GIVEN DATA =
○ ○ ○

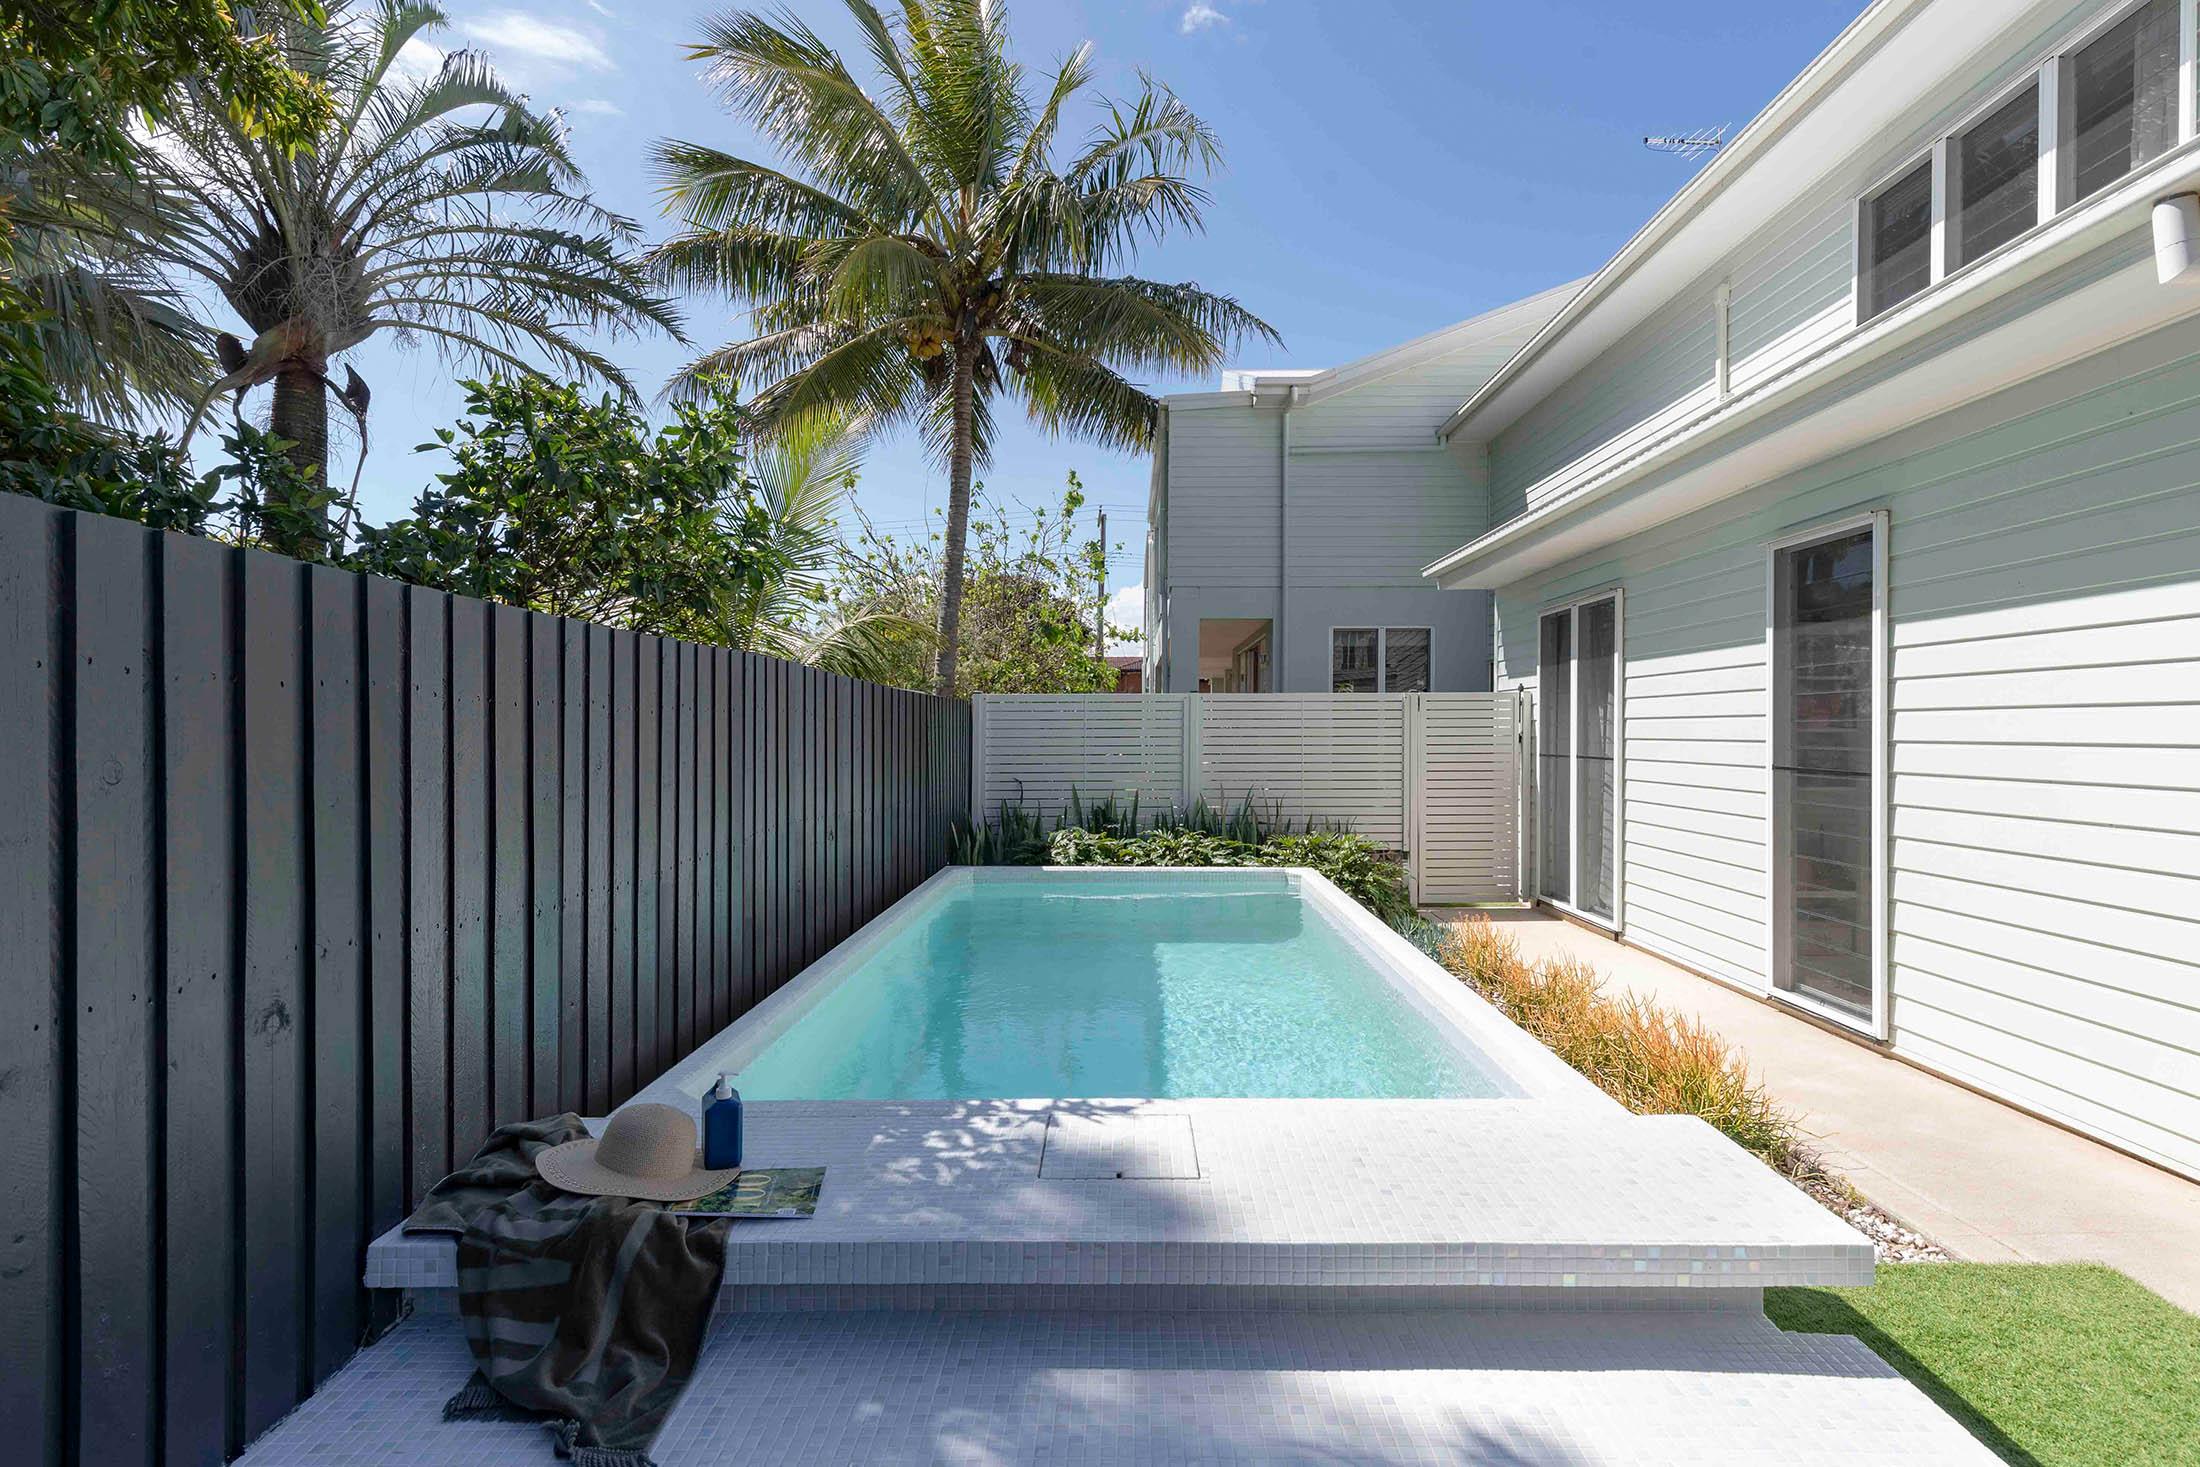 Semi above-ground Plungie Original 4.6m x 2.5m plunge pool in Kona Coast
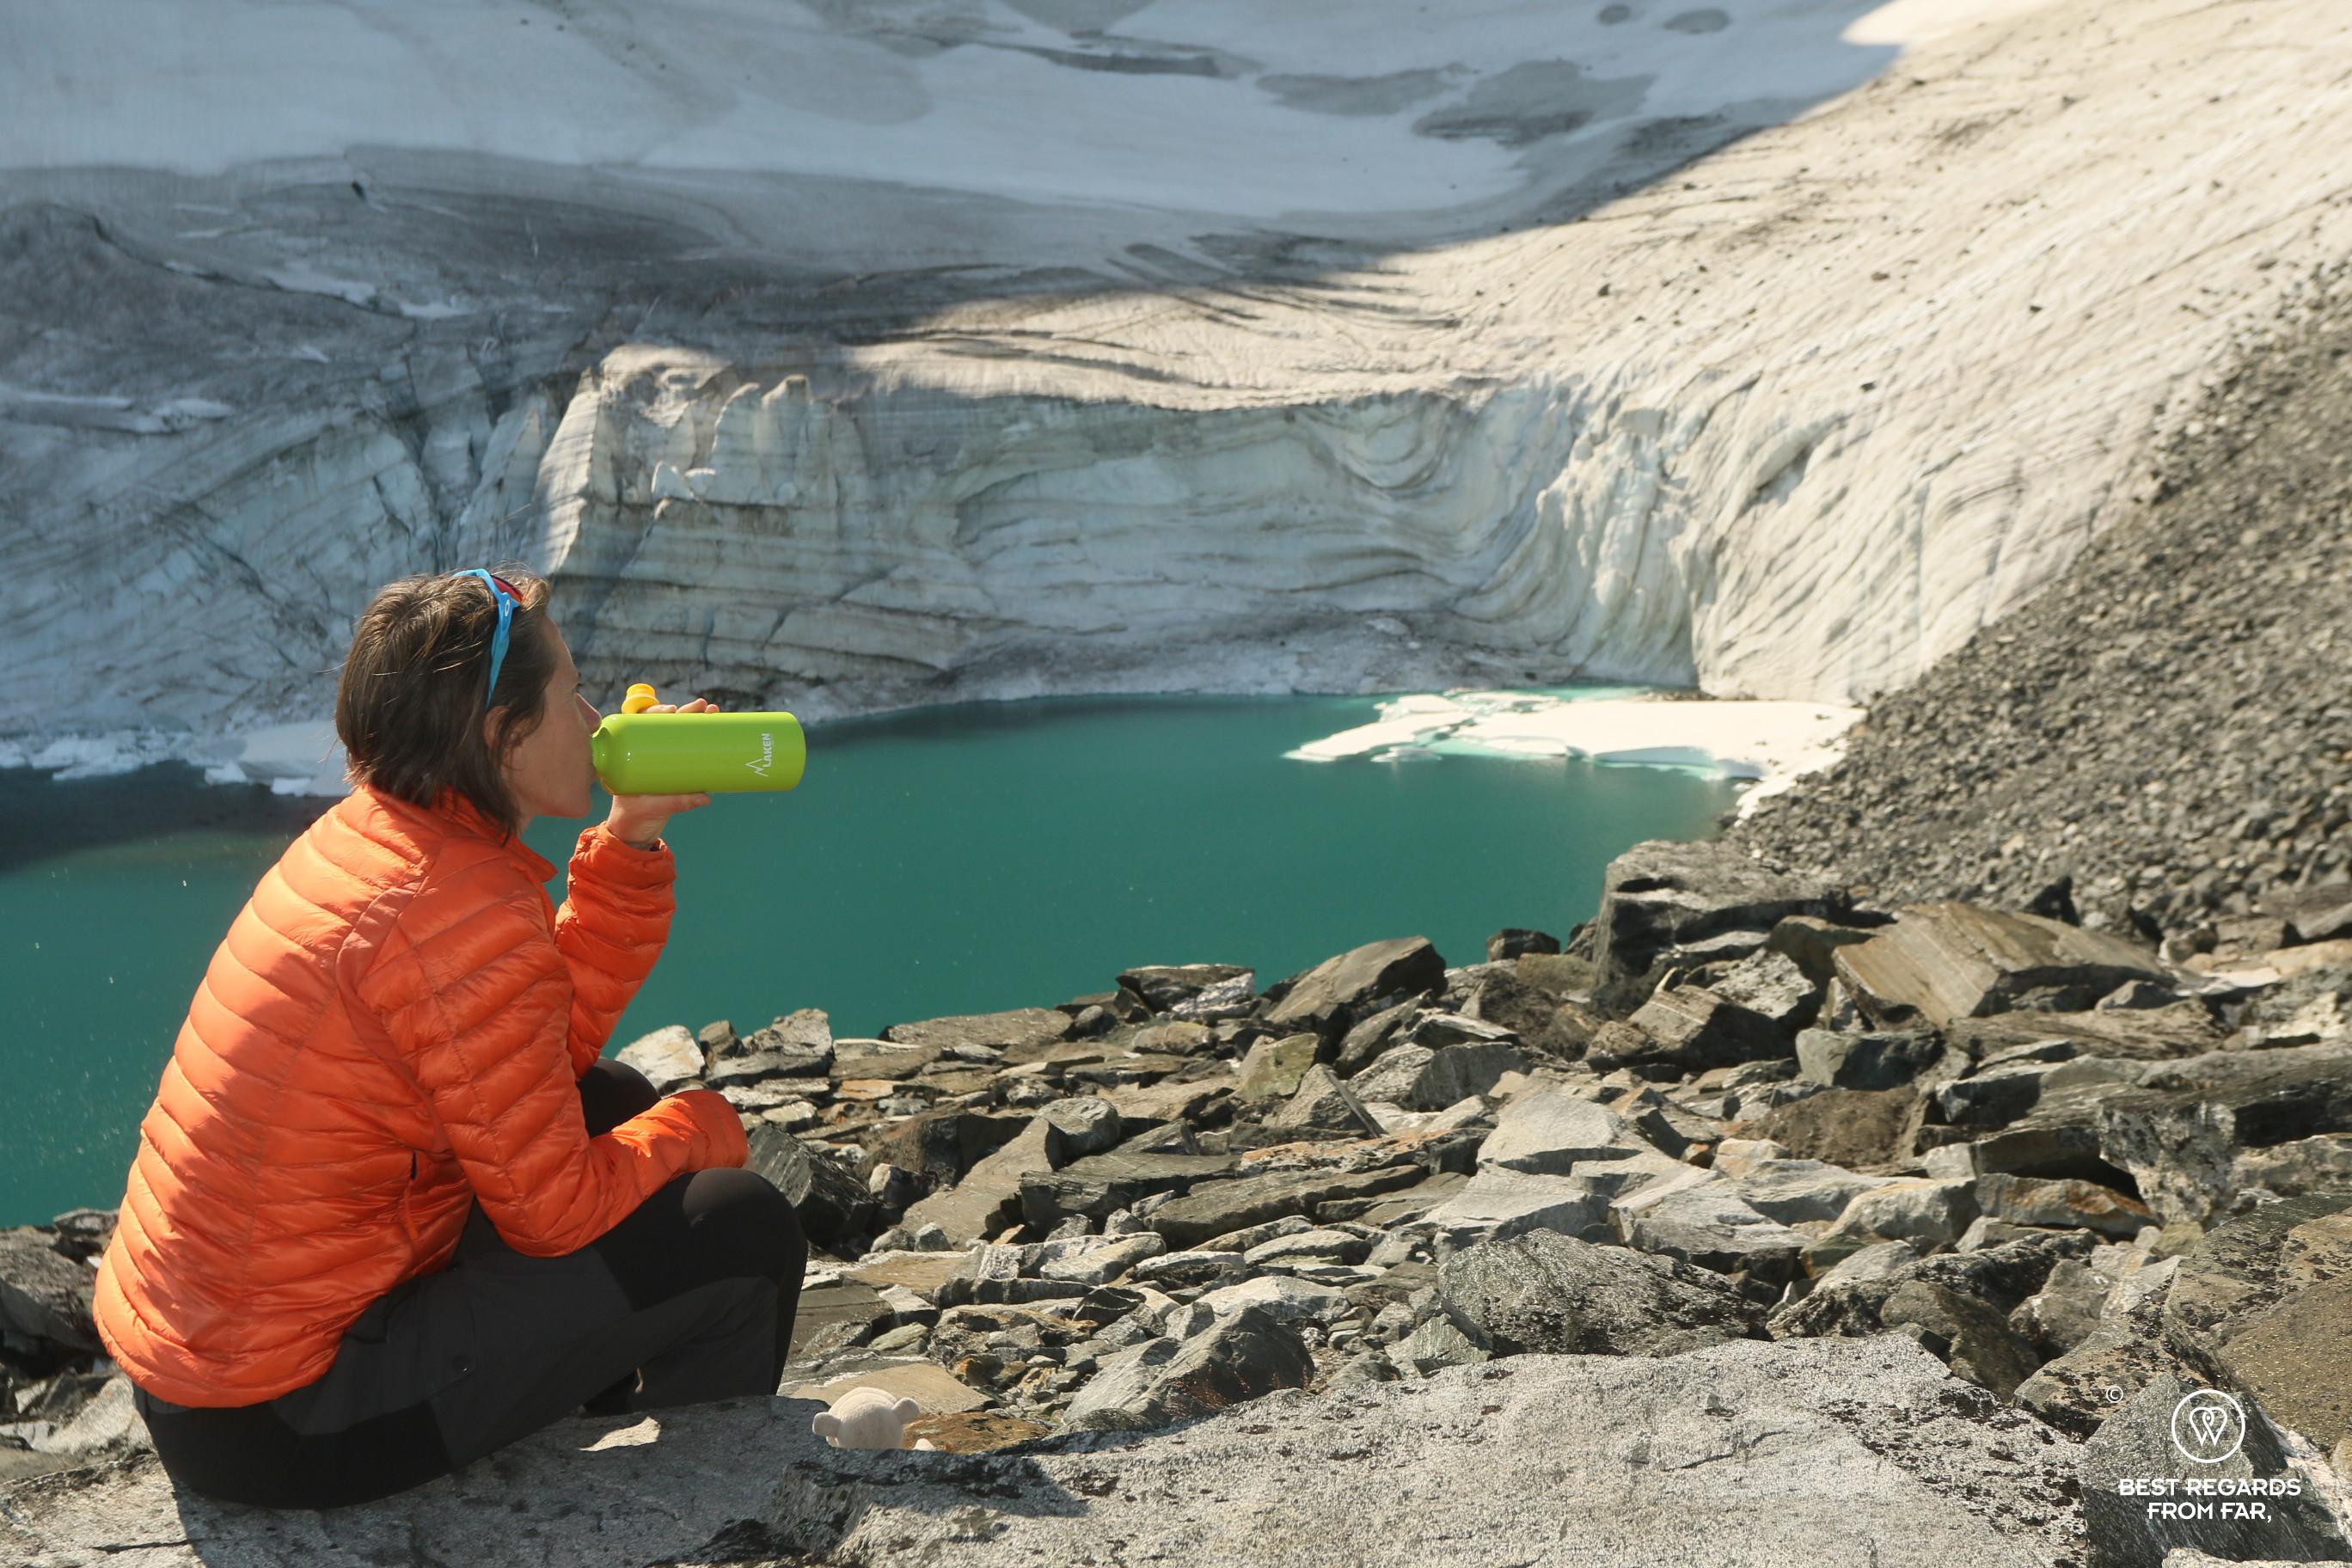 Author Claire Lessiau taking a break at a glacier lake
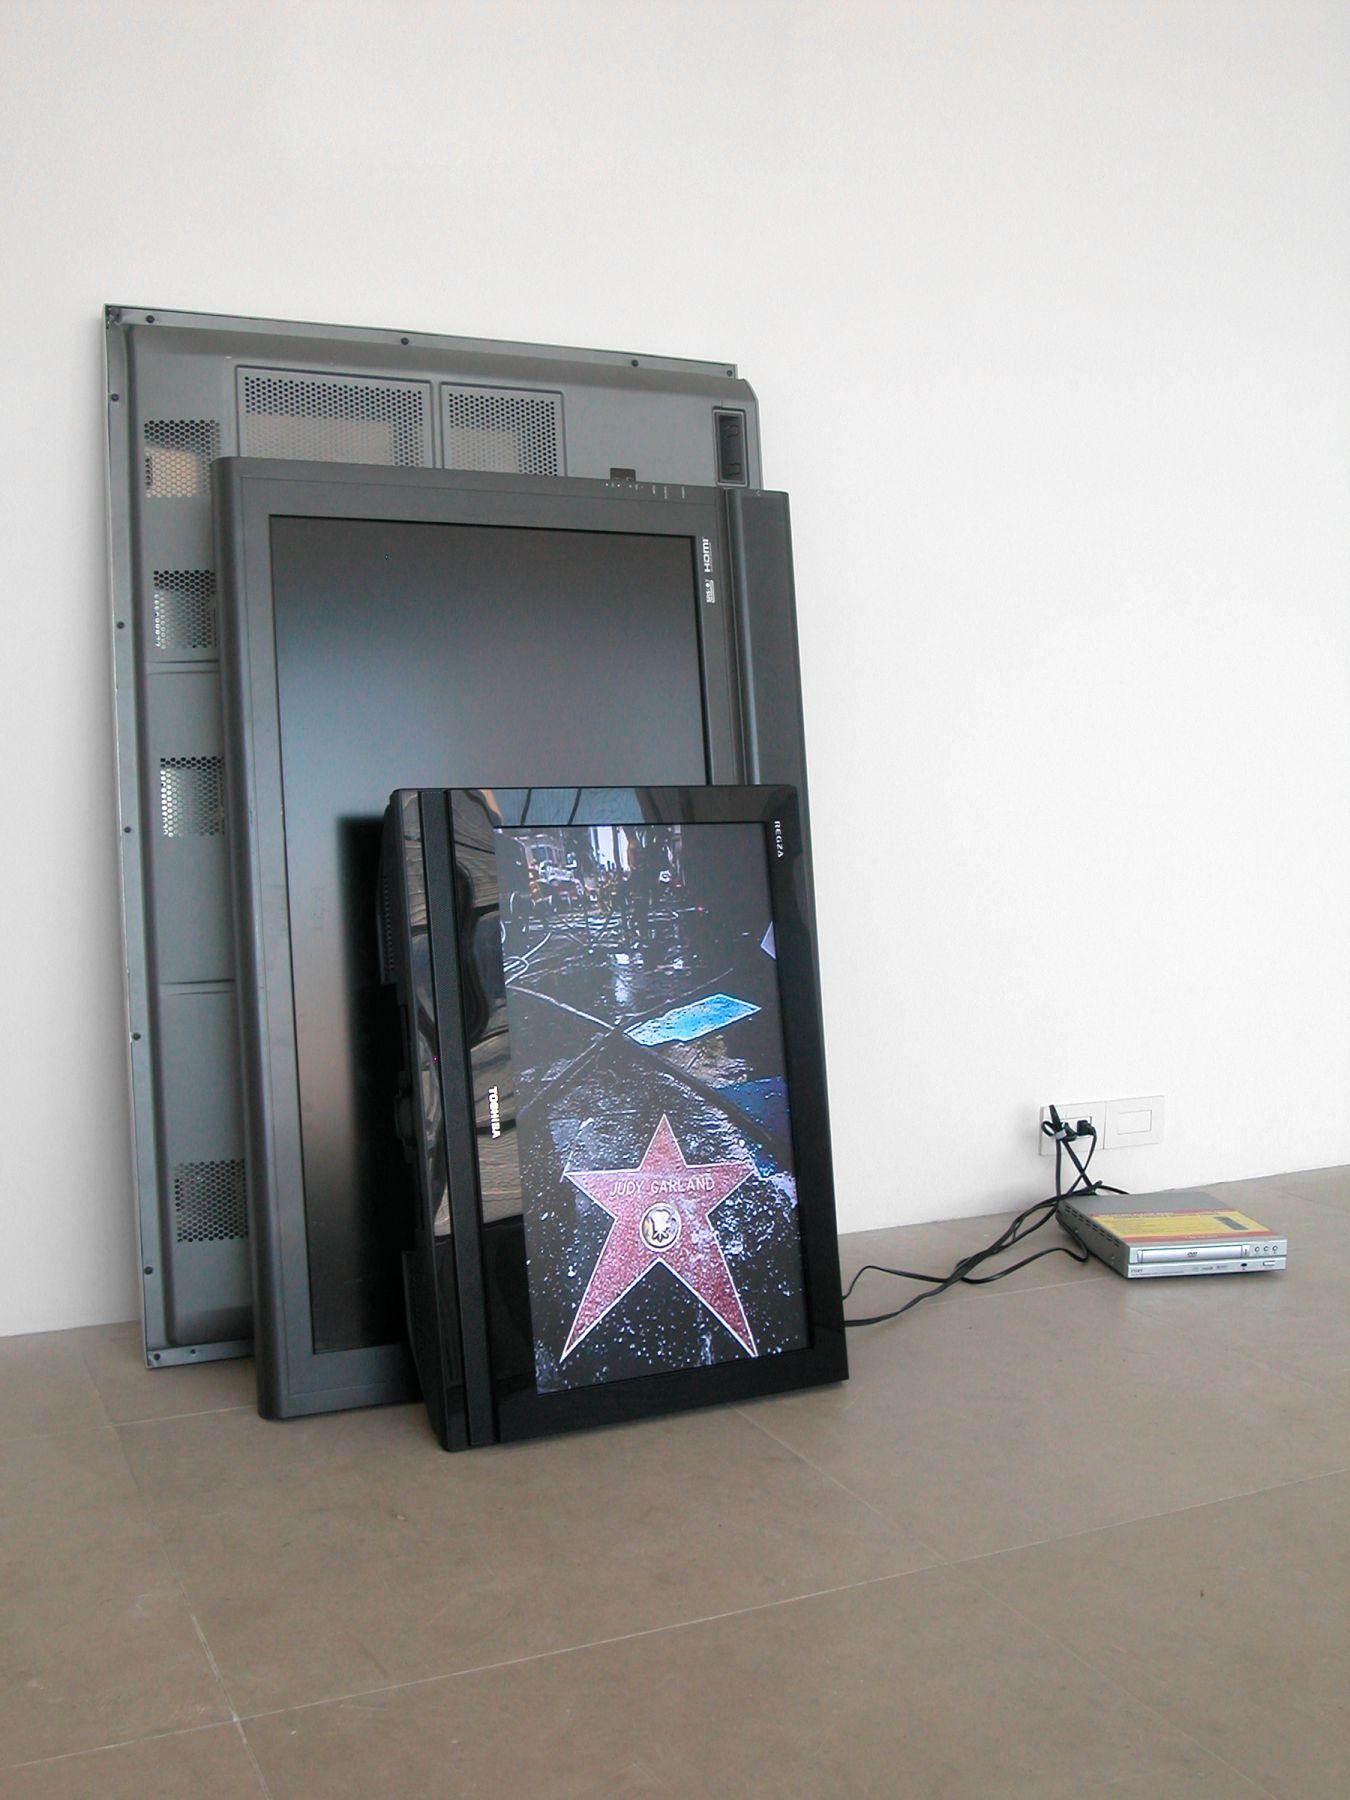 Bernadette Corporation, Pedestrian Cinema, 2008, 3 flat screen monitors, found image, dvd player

○ ○ ○

TASK STATEMENT =
Line by line, reproduce the material above exactly, leaving each picture out.

SOLUTION FOR THIS PROBLEM =
 Semi above-ground Plungie Original 4.6m x 2.5m plunge pool in Kona Coast
 Author Claire Lessiau taking a break at a glacier lake
 Bernadette Corporation, Pedestrian Cinema, 2008, 3 flat screen monitors, found image, dvd player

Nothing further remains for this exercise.